Admiral Sir John Forster "Sandy" Woodward,  (1 May 1932 – 4 August 2013) was a senior Royal Navy officer who commanded the Task Force of the Falklands War.

Early life
Woodward was born on 1 May 1932 at Penzance, Cornwall, to a bank clerk. He was educated at Stubbington House School, preparatory school in Stubbington, Hampshire. He then continued his education at the Britannia Royal Naval College in Dartmouth, Devon.

Naval career
On graduation from the Royal Naval College Dartmouth Woodward joined the Royal Navy in 1946. He became a submariner in 1954, and was promoted to lieutenant that May. In 1960 he passed the Royal Navy's rigorous Submarine Command Course known as The Perisher, and received his first command, the T-class submarine HMS Tireless. Promoted to lieutenant-commander in May 1962, he then commanded HMS Grampus before becoming the second in command of the nuclear fleet submarine HMS Valiant. In 1967, he was promoted to commander and became the Instructor (known as  Teacher) of The Perisher Course. He took command of HMS Warspite in December 1969. He was promoted to the rank of captain in 1972. In 1974, he became Captain of Submarine Training and in 1976 he took command of HMS Sheffield.

He became Head of Naval Plans in the Ministry of Defence in 1978. In July 1981, he was promoted to rear admiral and appointed as Flag Officer First Flotilla.

Falklands War
In 1982, he commanded the HMS Hermes aircraft carrier group, Task Group 317.8, in the Falklands War. The Commander-in-Chief Fleet Admiral Sir John Fieldhouse, served as the Task Force commander, CTF-317. The task group containing the amphibious ships which launched the invasion TG 317.0 was commanded by Commodore Michael Clapp, with Task Group 317.1 being the landing force itself.

He worked out the timetable for the campaign, starting from the end and working to the start. Knowing that the Argentine forces had to be defeated before the Southern Hemisphere winter made conditions too bad, he set a latest date by which the land forces had to be ashore, that in turn set a latest date by which control of the air had to be achieved, and so on.

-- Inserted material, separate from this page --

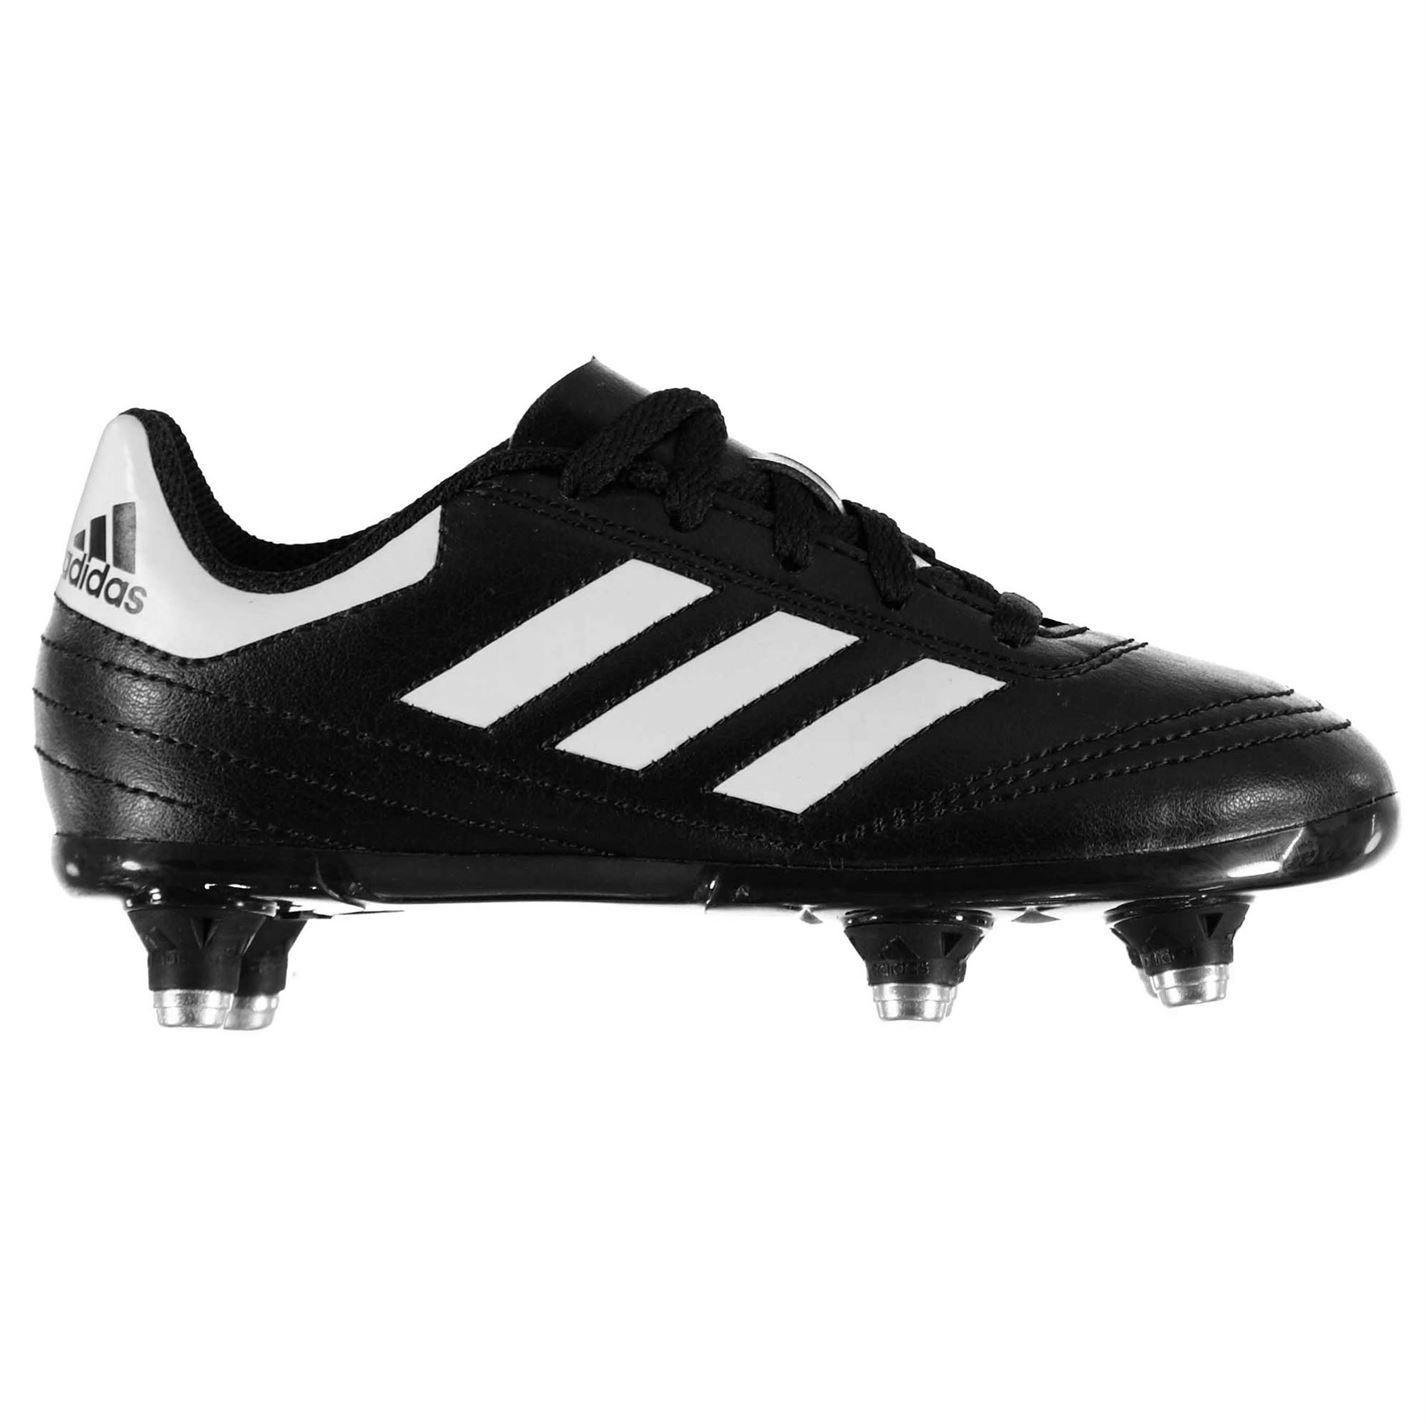 Detské kopačky Adidas Goletto Soft Ground Football Boots Child Boys ... a499d563937

Possibly the best known single incident was the sinking of the ARA General Belgrano. He knew that General Belgrano, and particularly her Exocet armed escorts, were a threat to the task force and he ordered that she be sunk. Admiral Sir George Zambellas credited "Woodward's inspirational leadership and tactical acumen ... [as] a major factor in shaping the success of the British forces in the South Atlantic".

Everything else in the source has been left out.